── RECORDED DATA

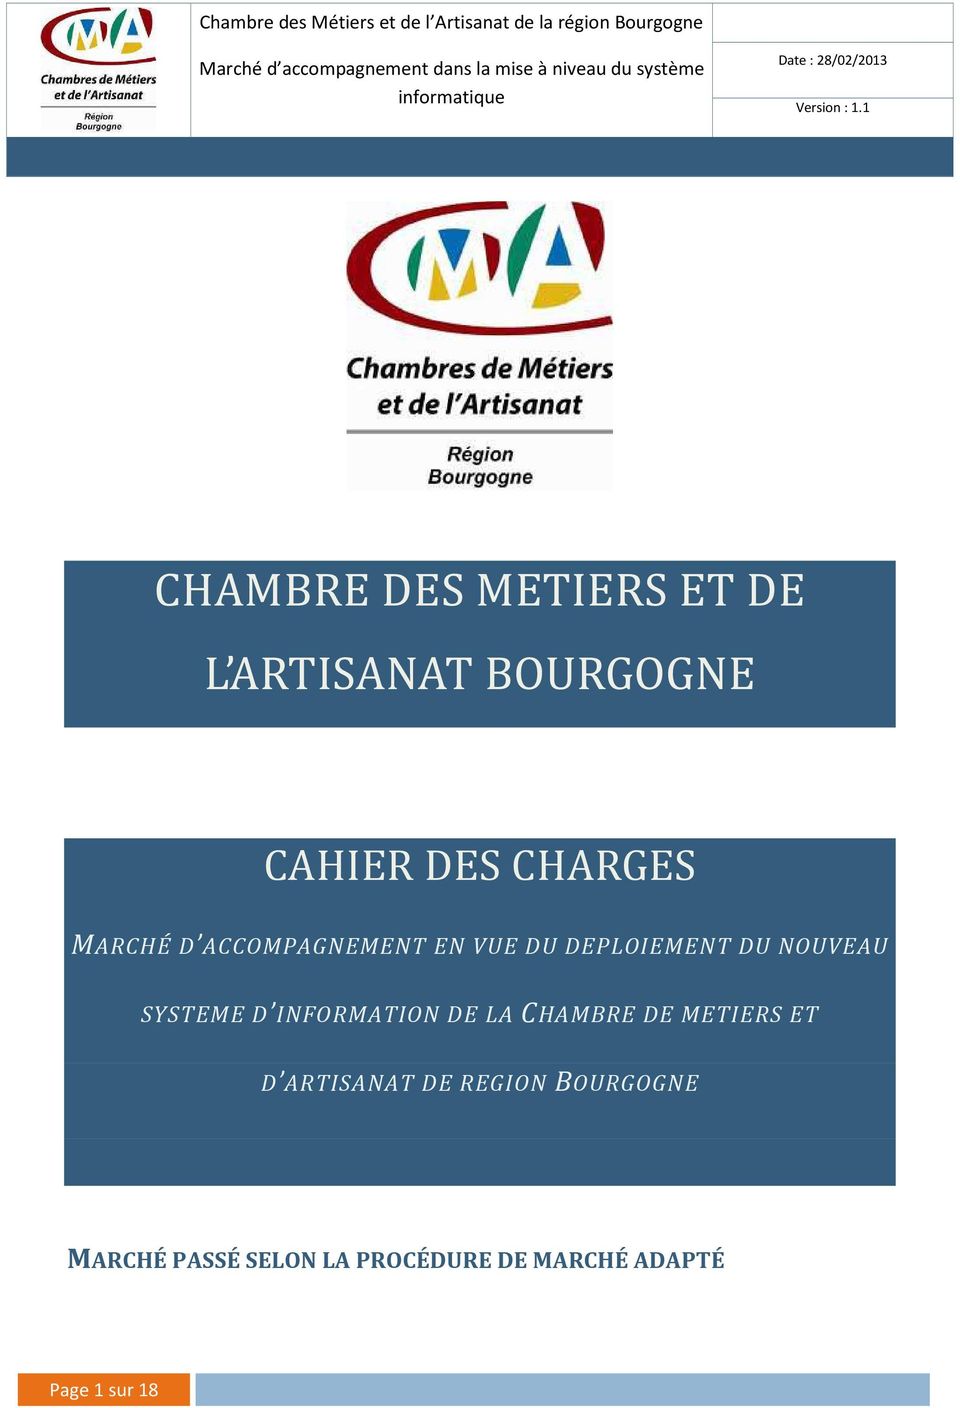 INFORMATION DE LA CHAMBRE DE METIERS ET D ARTISANAT DE REGION
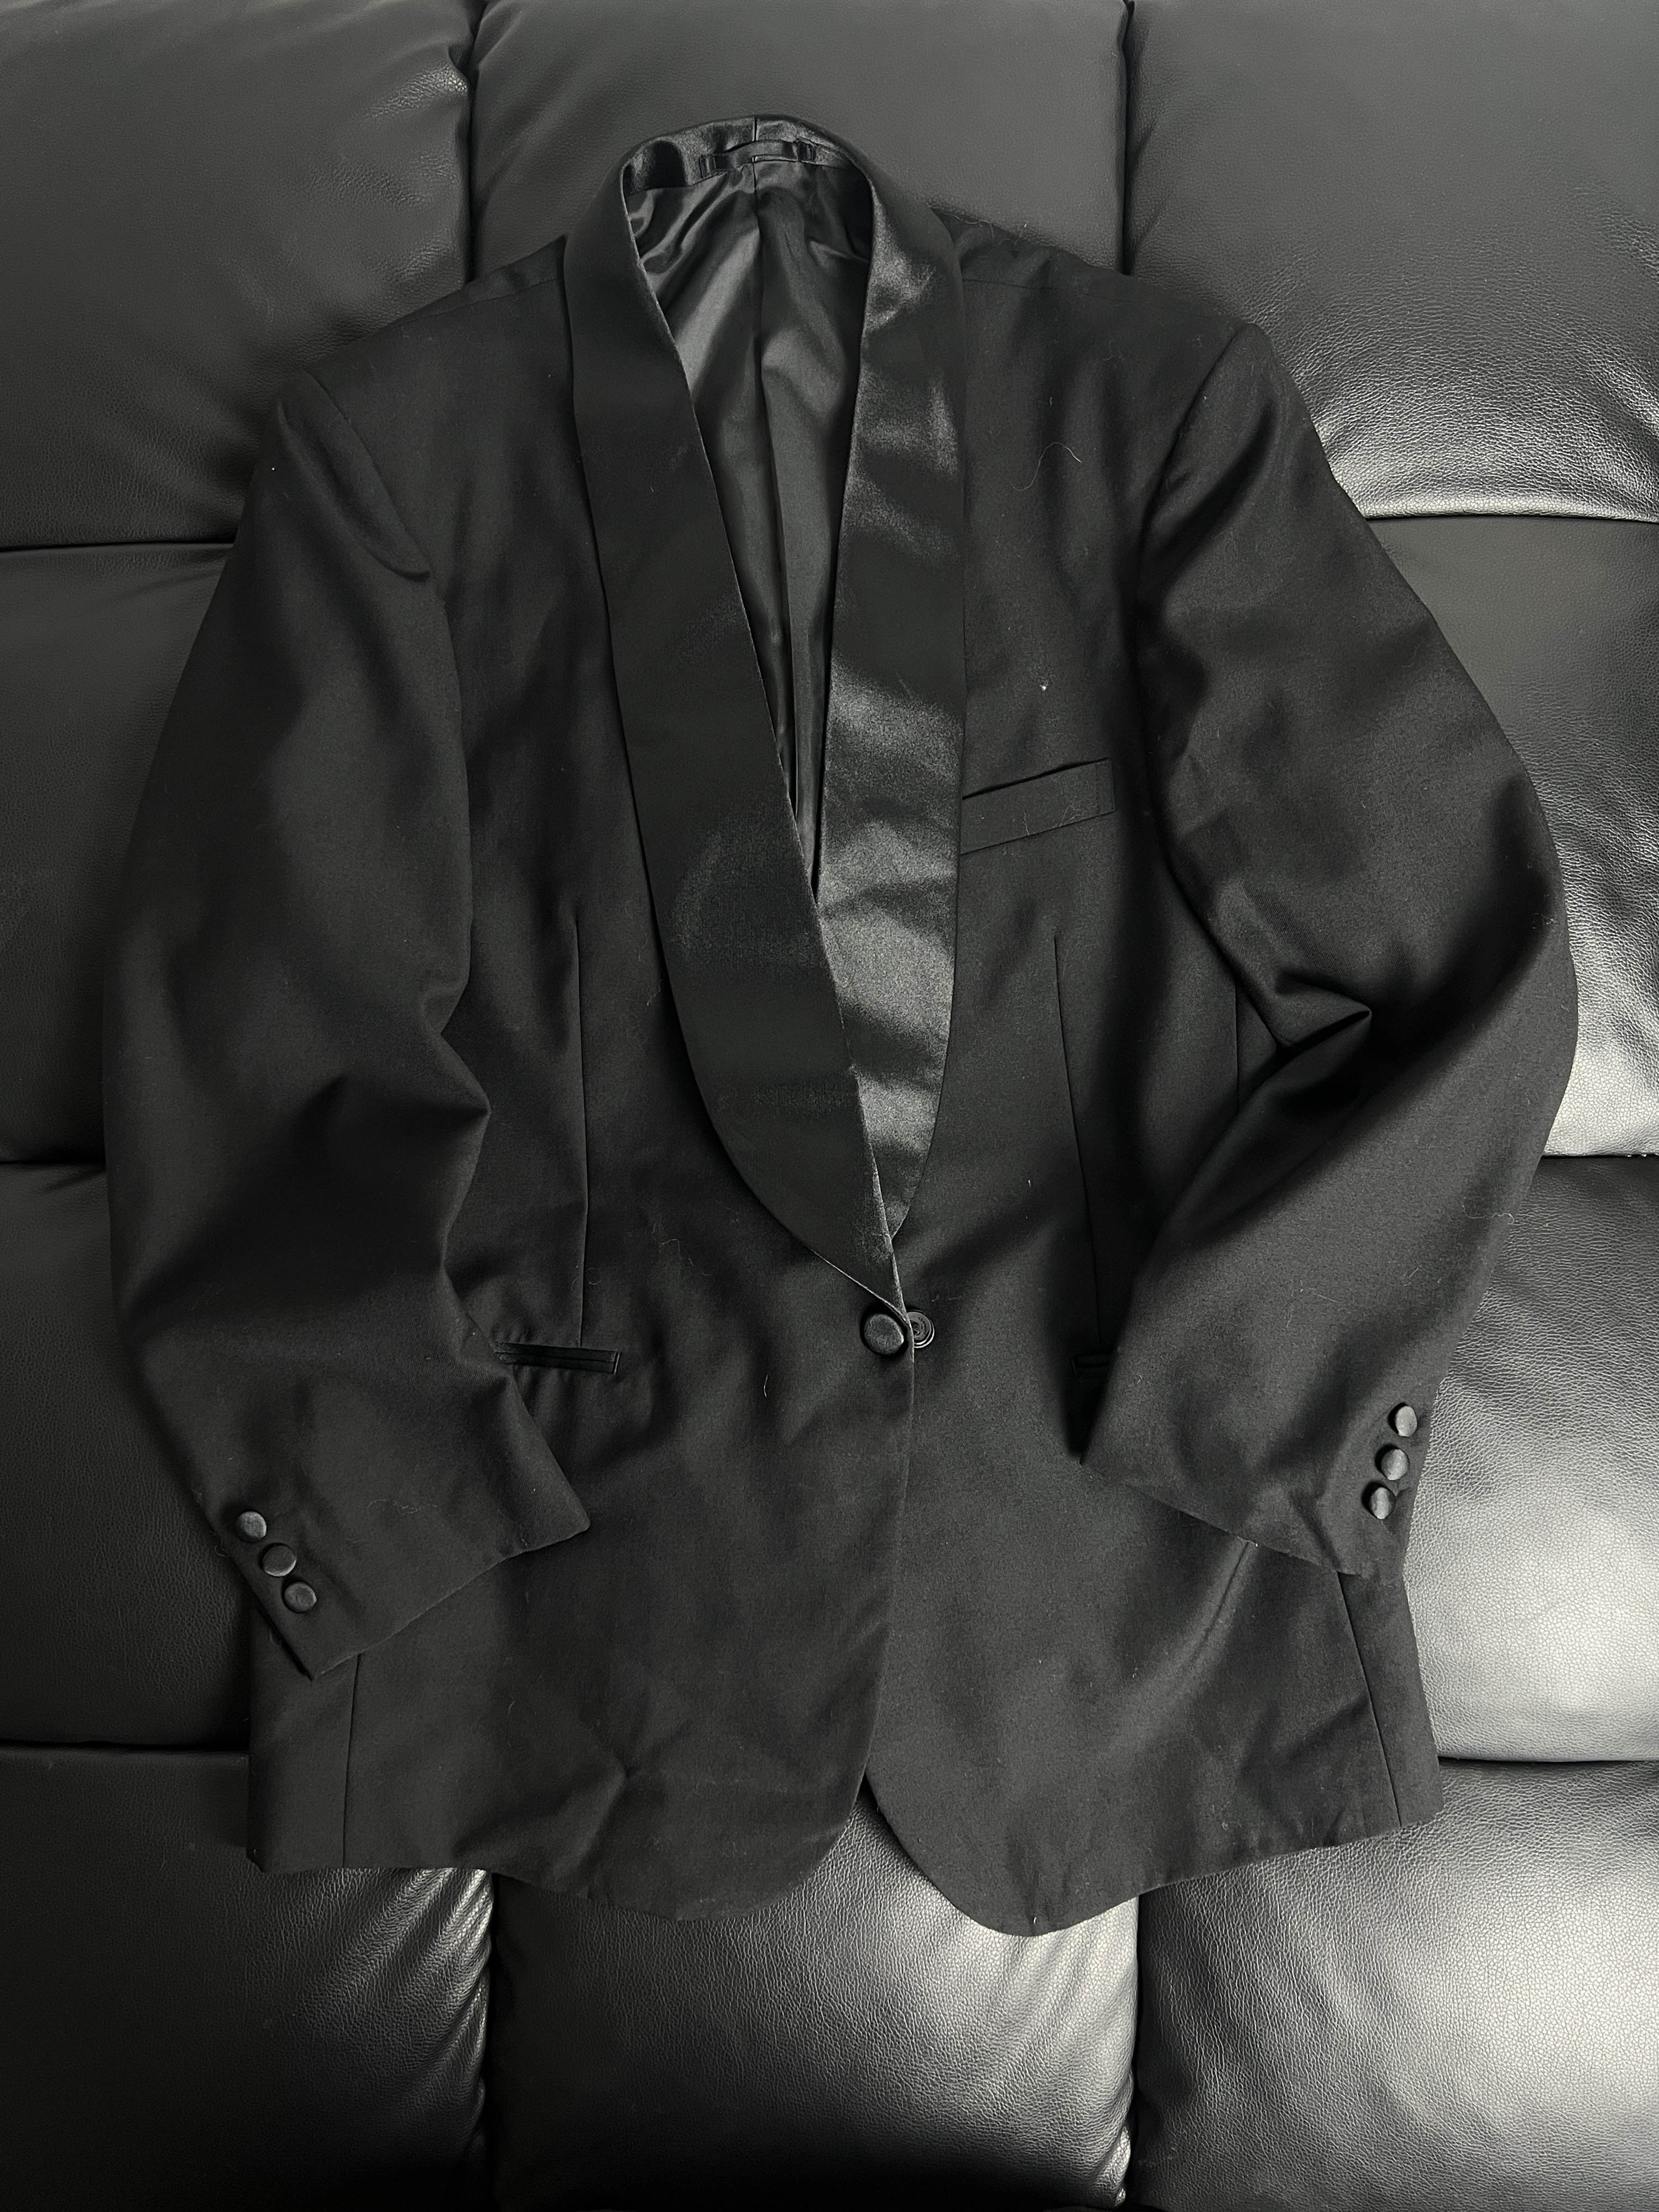 vintage tuxedo jacket
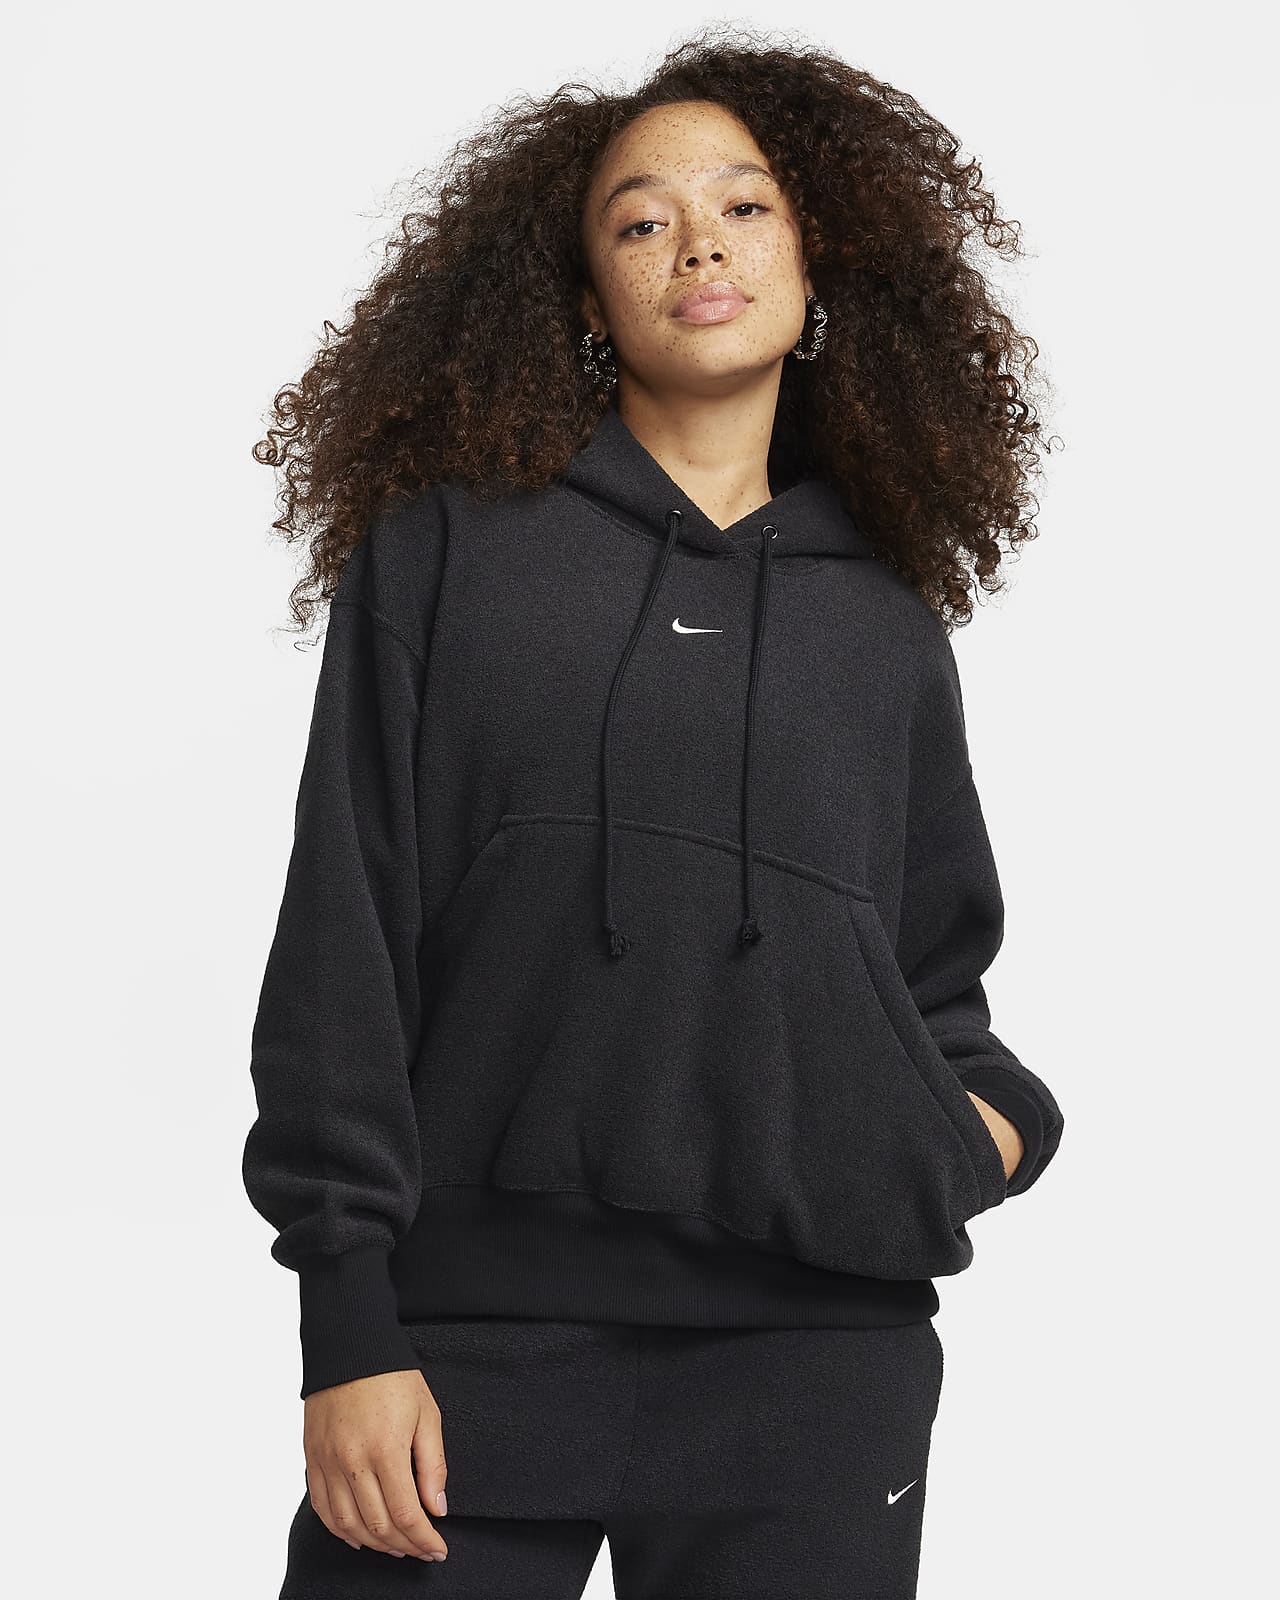 Γυναικεία άνετη μπλούζα με κουκούλα από φλις ύφασμα σε φαρδιά γραμμή Nike Sportswear Phoenix Plush

────

* [TASK DETAILS]
Reproduce the data above word for word, but leave the images out.

* [SOLUTION TO THE PROBLEM]
 INFORMATION DE LA CHAMBRE DE METIERS ET D ARTISANAT DE REGION
 vintage tuxedo jacket
 Γυναικεία άνετη μπλούζα με κουκούλα από φλις ύφασμα σε φαρδιά γραμμή Nike Sportswear Phoenix Plush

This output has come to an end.